=== Exercise directions ===
Output the full listing below exactly as it reads, and skip anything that is a picture.

=== Provided material ===
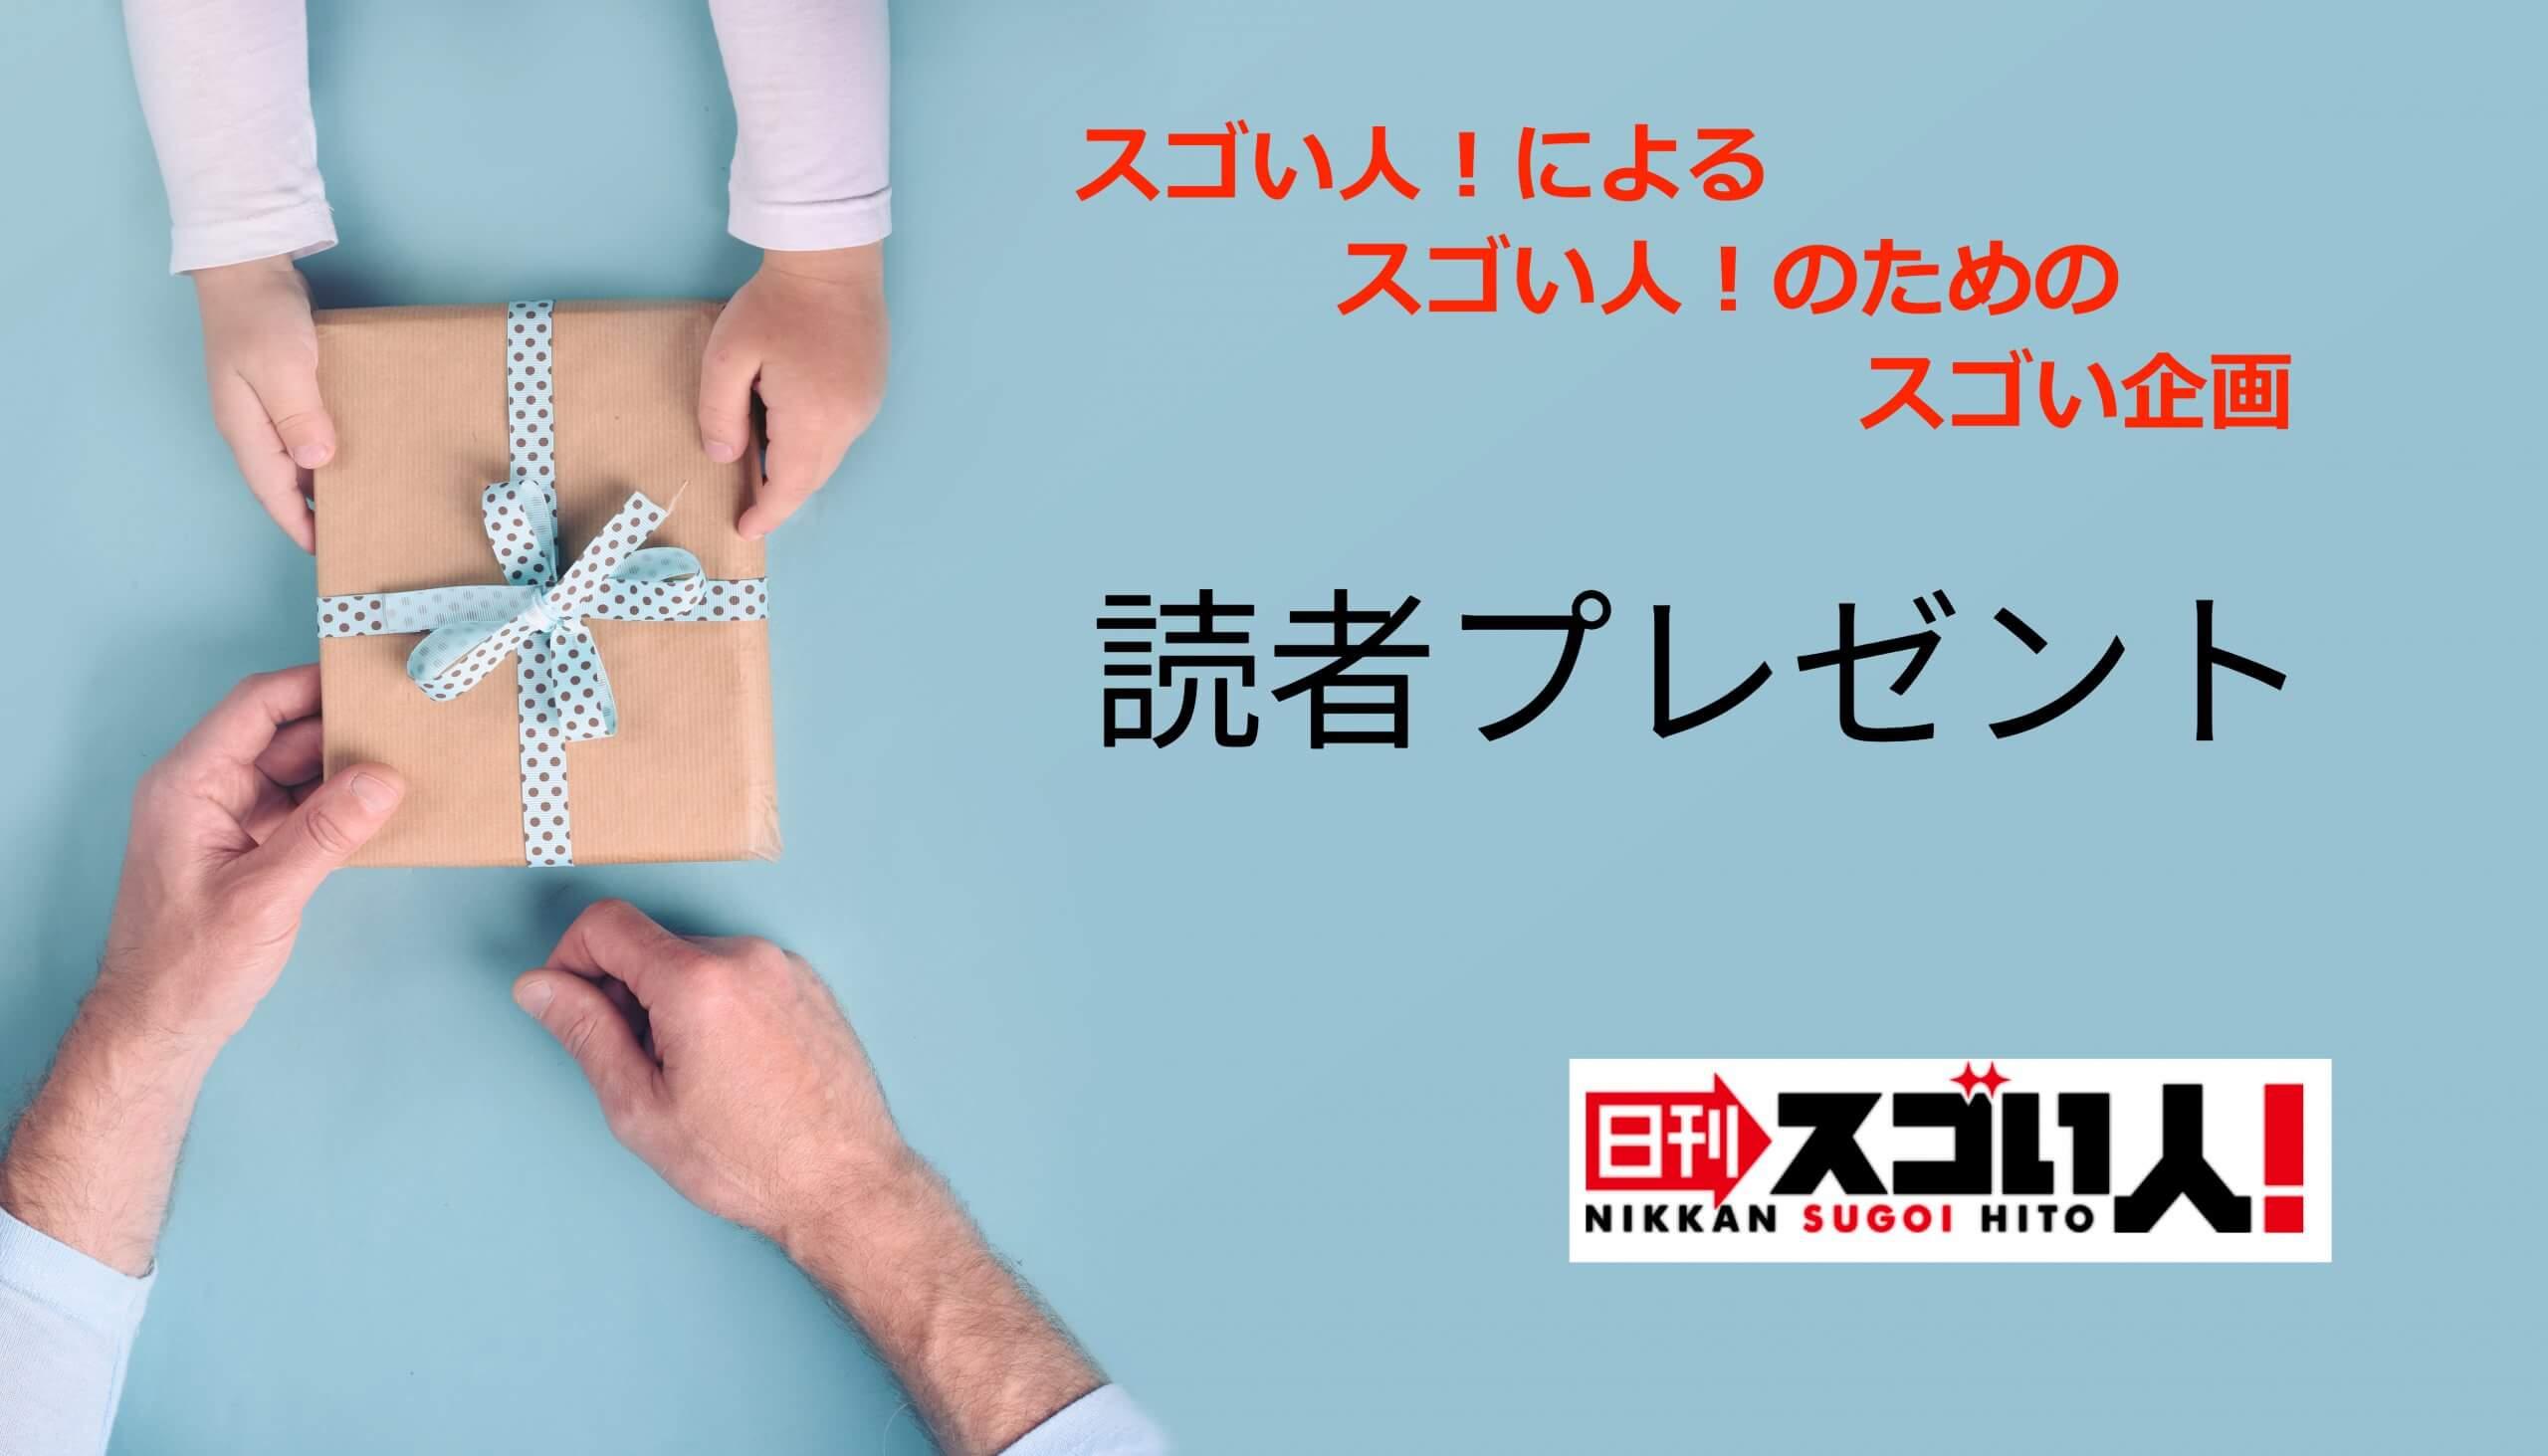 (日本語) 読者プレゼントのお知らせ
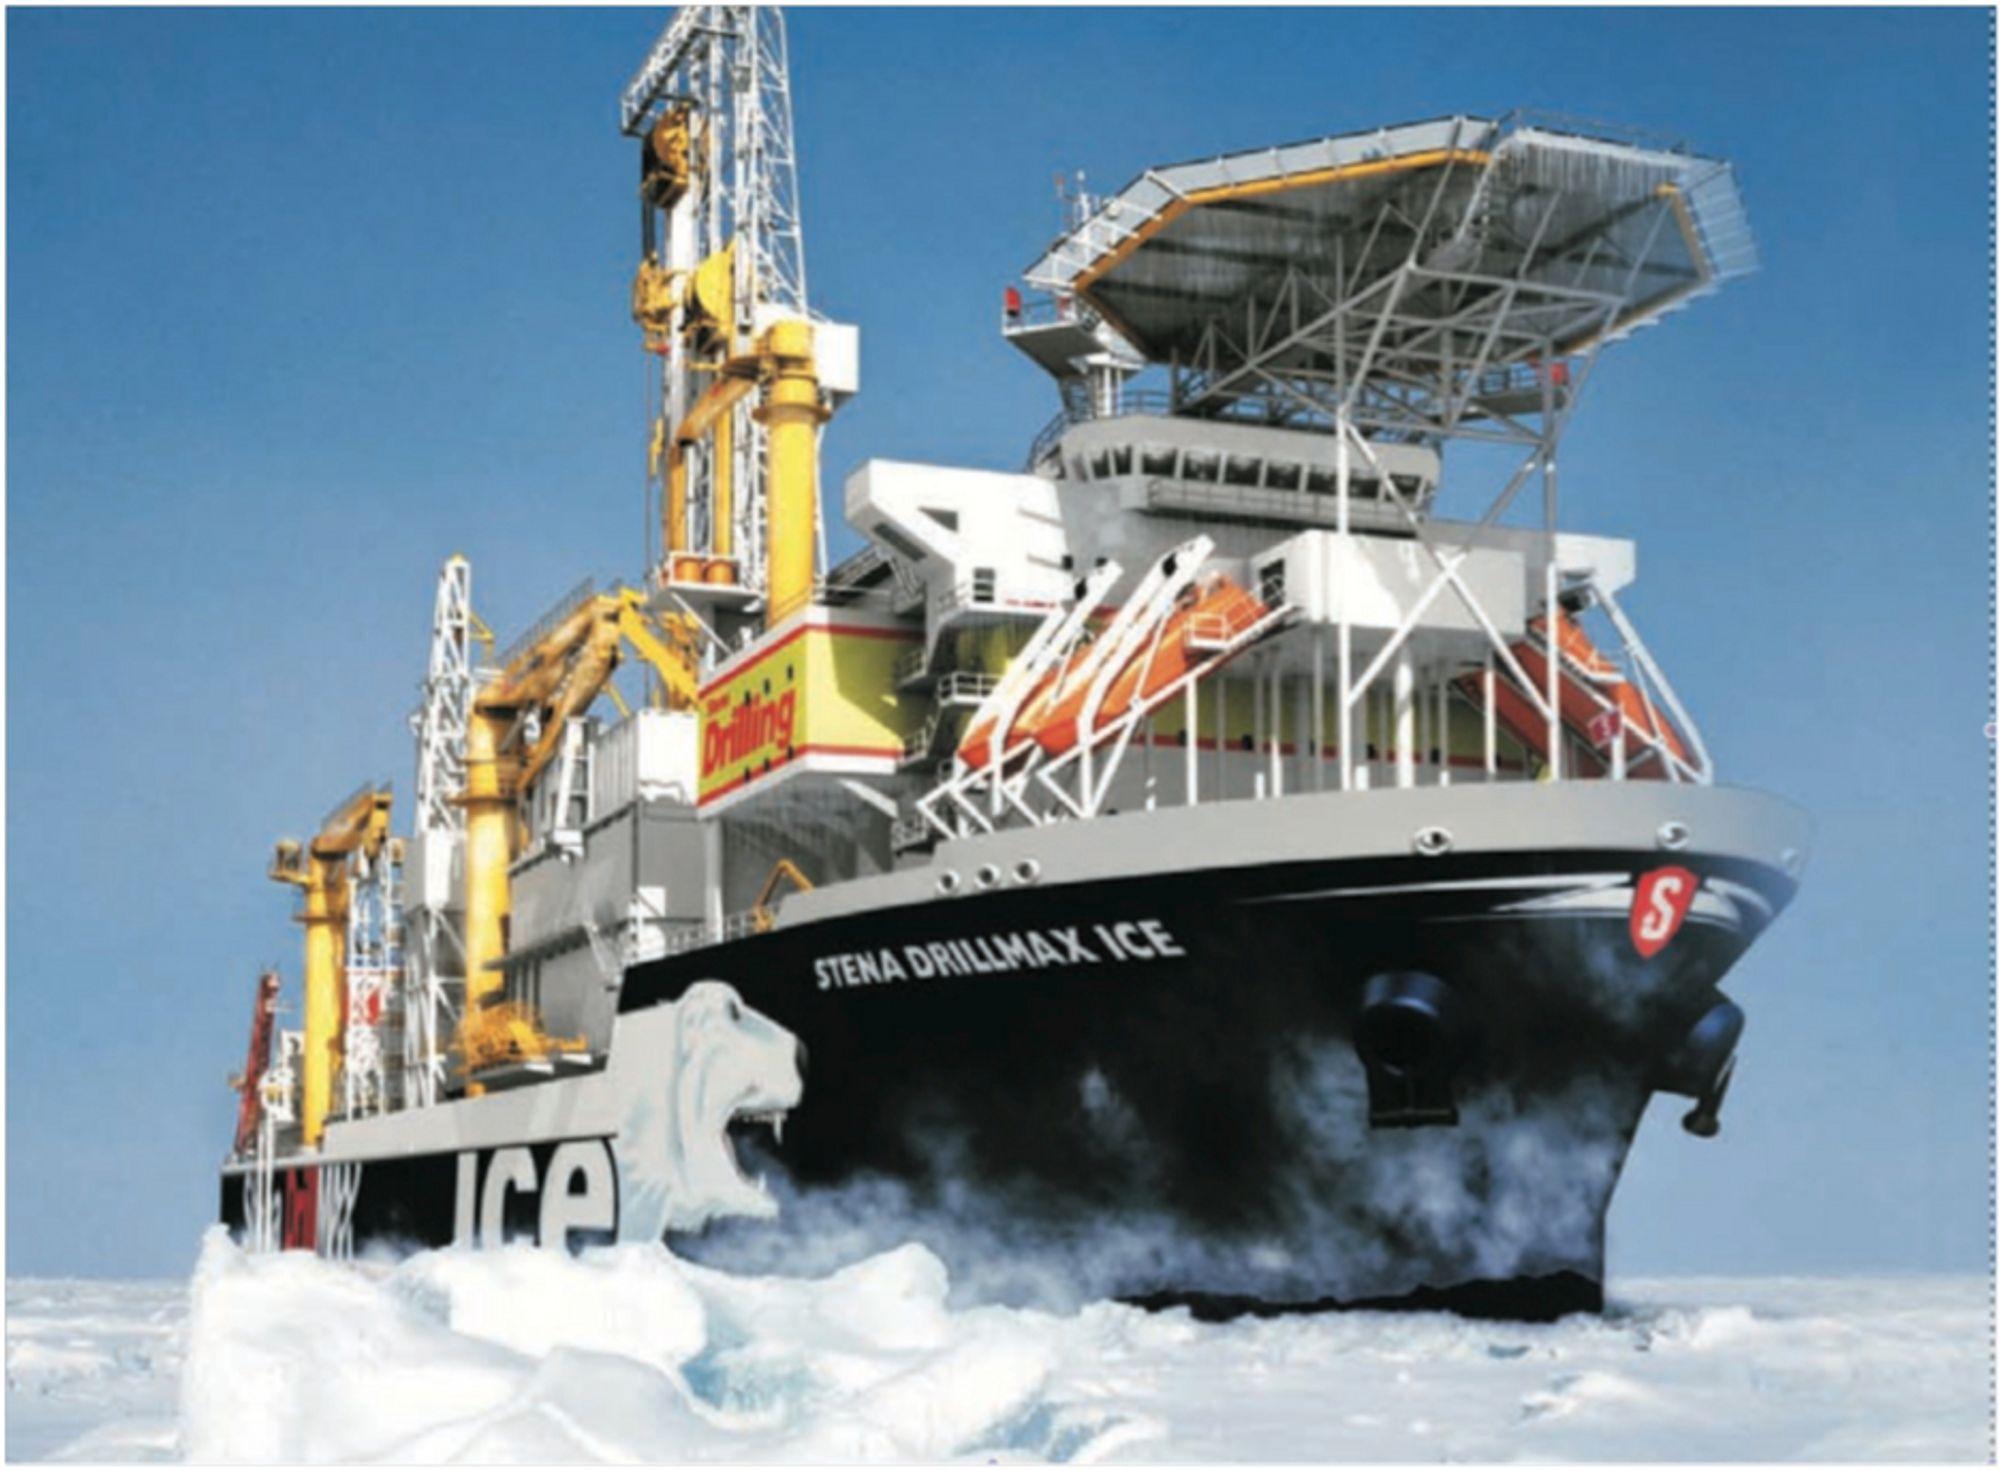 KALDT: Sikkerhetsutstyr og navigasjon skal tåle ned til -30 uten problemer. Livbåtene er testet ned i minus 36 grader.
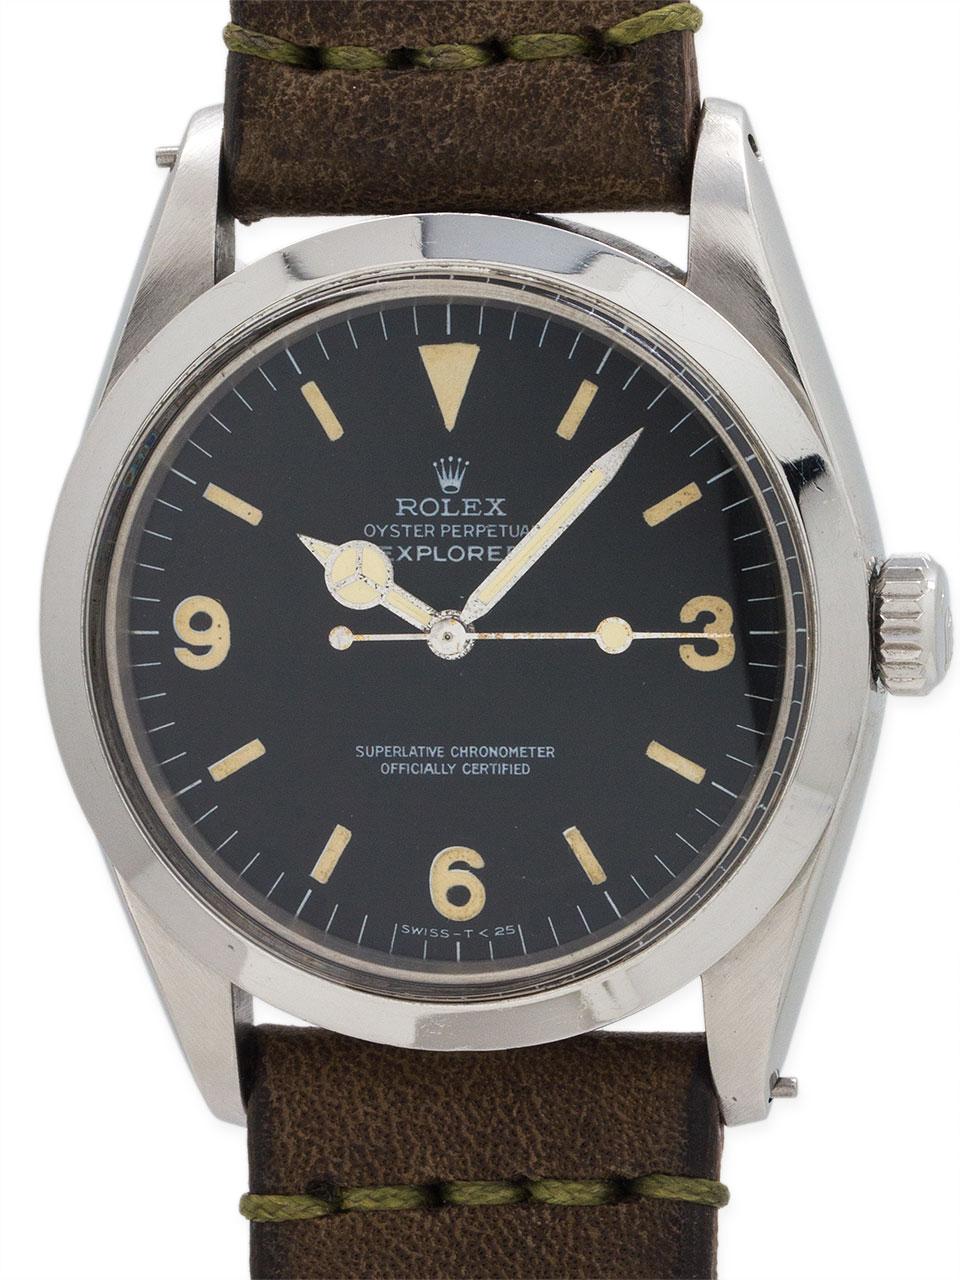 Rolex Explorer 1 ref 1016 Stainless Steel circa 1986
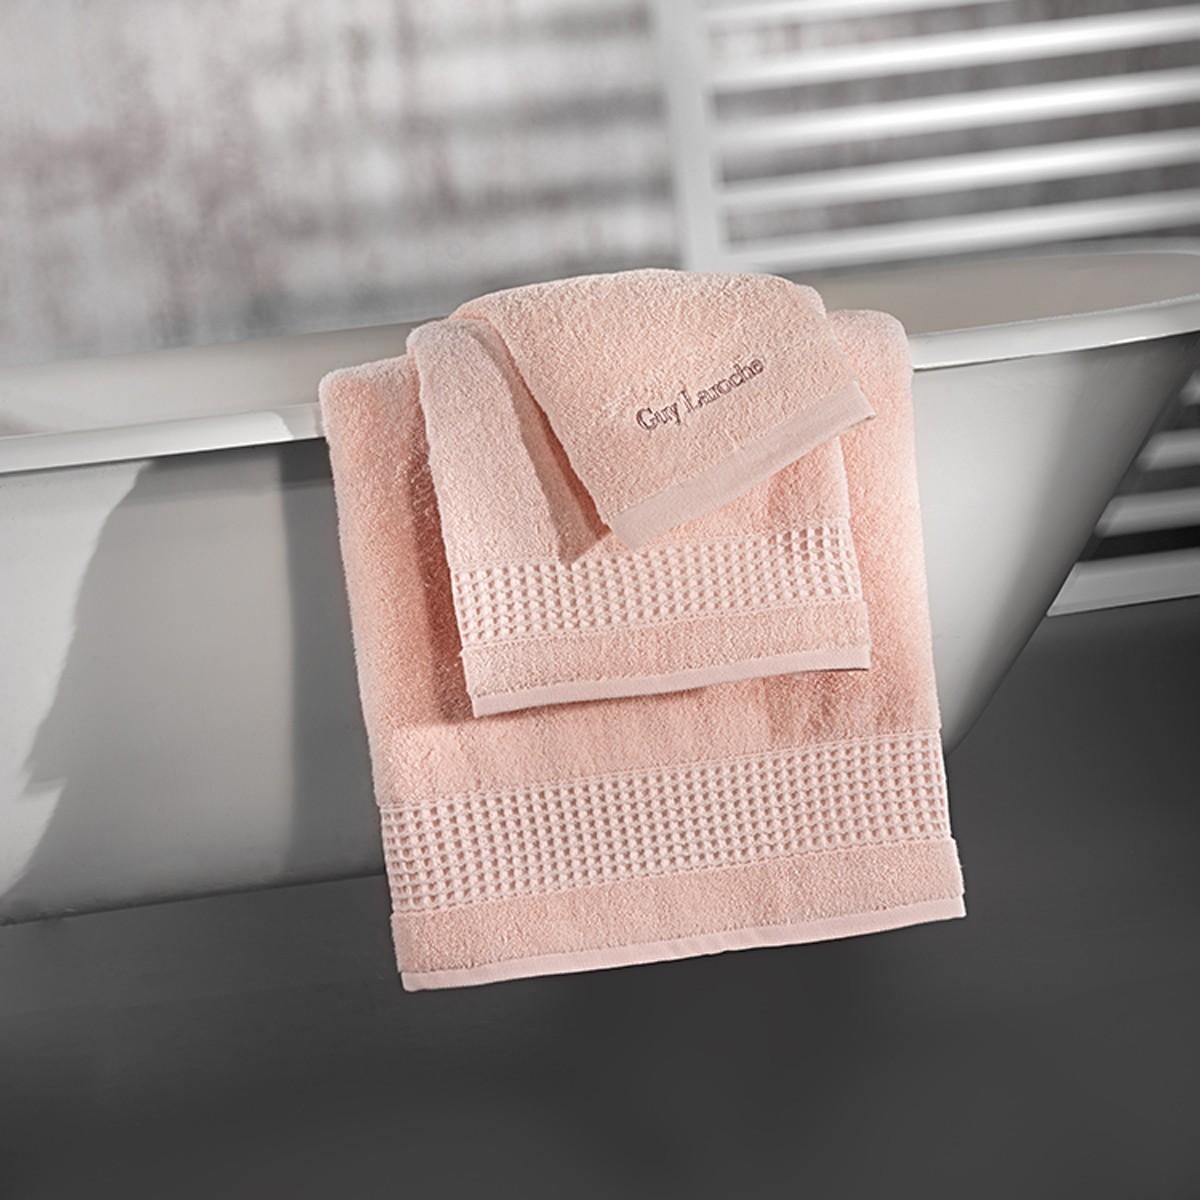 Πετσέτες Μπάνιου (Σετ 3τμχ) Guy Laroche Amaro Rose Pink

=== Solution to the exercise ===
 (日本語) 読者プレゼントのお知らせ
 KALDT: Sikkerhetsutstyr og navigasjon skal tåle ned til -30 uten problemer. Livbåtene er testet ned i minus 36 grader.
 Rolex Explorer 1 ref 1016 Stainless Steel circa 1986
 Πετσέτες Μπάνιου (Σετ 3τμχ) Guy Laroche Amaro Rose Pink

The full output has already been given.